2012-07-30

lightreads: a partial image of a etymology tree for the Indo-European word 'leuk done in white neon on black'; in the lower left is (Default)
2012-07-30 10:09 pm

Euclid's Window: The Story of Geometry from Parallel Lines to Hyperspace

Euclid's Window : The Story of Geometry from Parallel Lines to HyperspaceEuclid's Window : The Story of Geometry from Parallel Lines to Hyperspace by Leonard Mlodinow

My rating: 3 of 5 stars


History of math more than actualfacts math, with a minimally annoying authorial voice as these things go. Except for the teeny weeny culture/race centrism problem – I’m neither a historian nor a mathematician, but even I know it’s pretty freaking suspect when your history doesn’t include the advancements of, um, the Arab world, the South/Central American empires, or, you know, Asia, except for that one paragraph that one time. I mean, write a history of European geometry, by all means, I did like it, but let’s maybe call it that next time so as to look less like clueless Eurocentric twits, yeah?

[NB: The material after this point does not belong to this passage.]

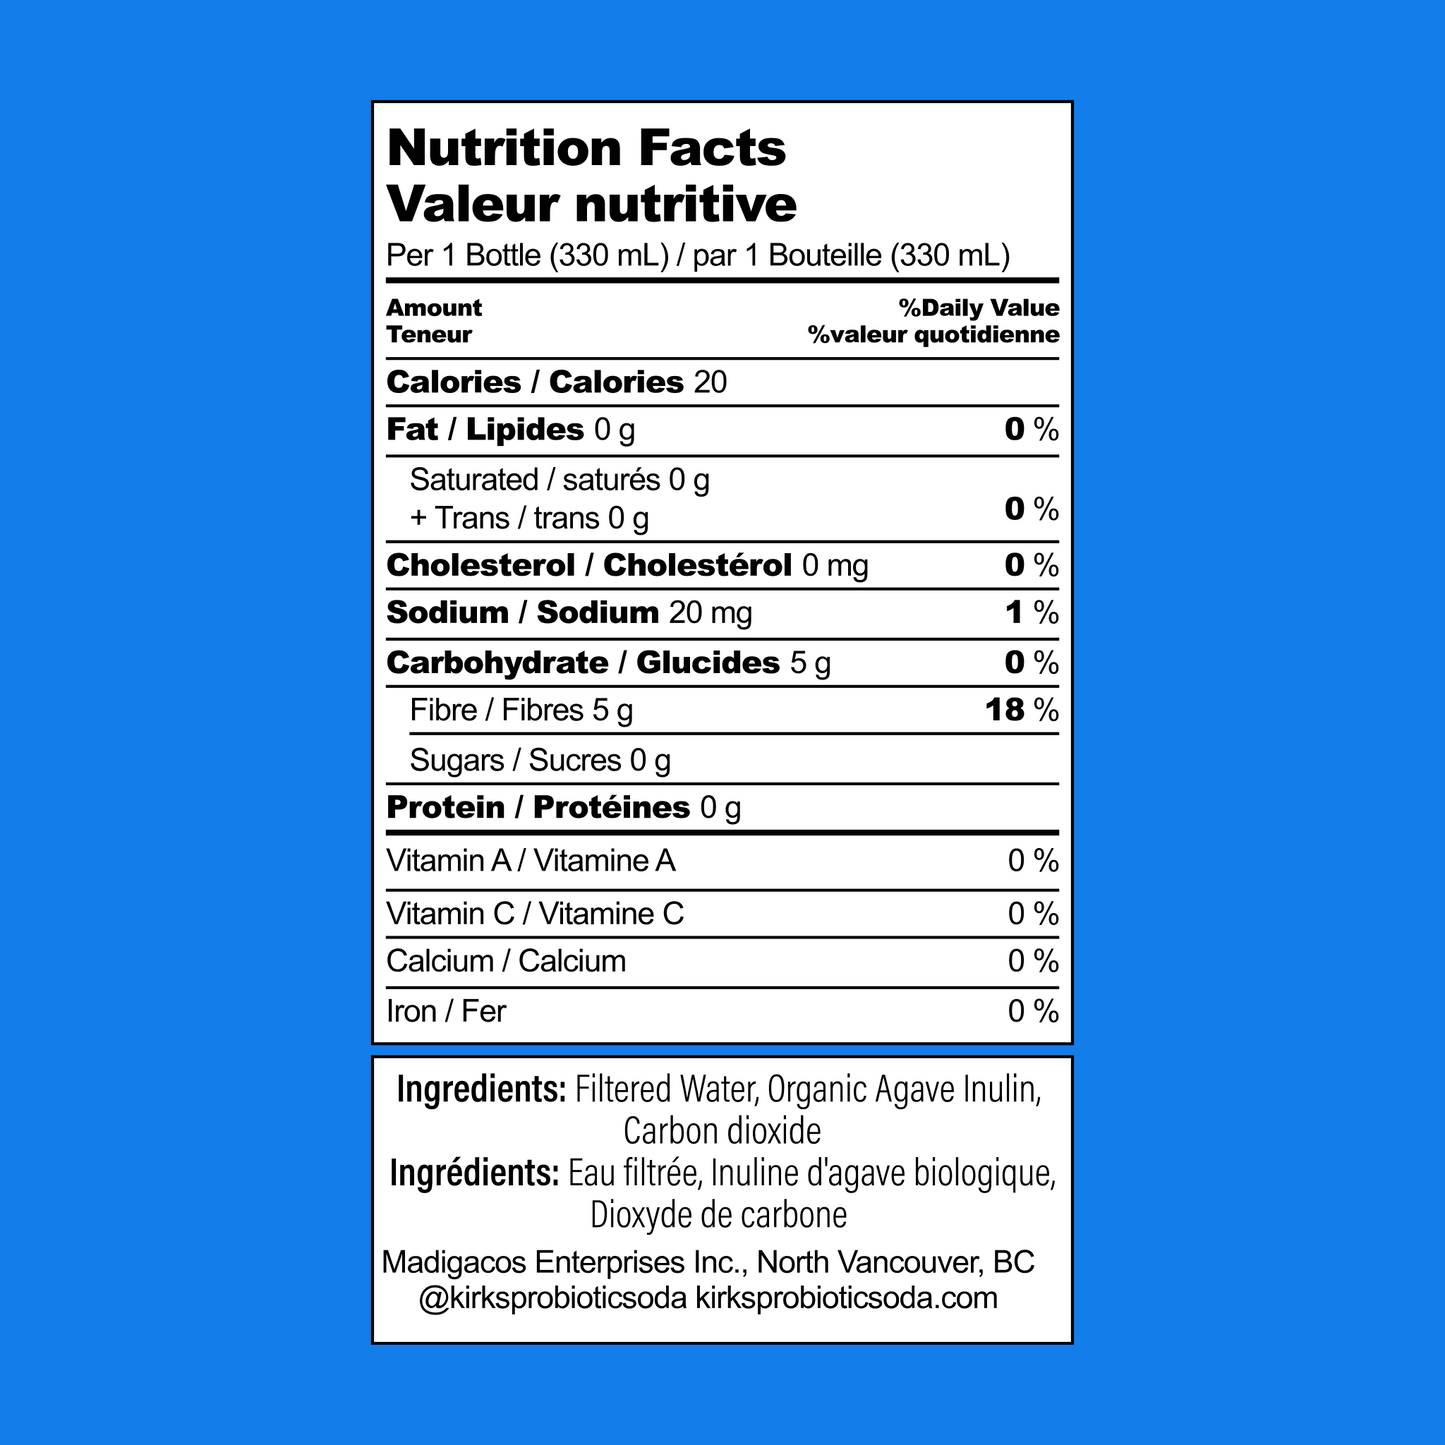 Nutritional information label on a bottle of Kirk's prebiotic Soda

Anyway. Last third of the book swung into modern physics, and convinced me yet again that in the absence of advanced math, it really does sound like these guys are just making shit up. I mean, vibrating strings? Oh rilly. Shame I stopped at calculus, because no matter how many metaphors you throw at me, I still have a hard time taking this stuff seriously without the fundamental grocking I don’t have the tools for.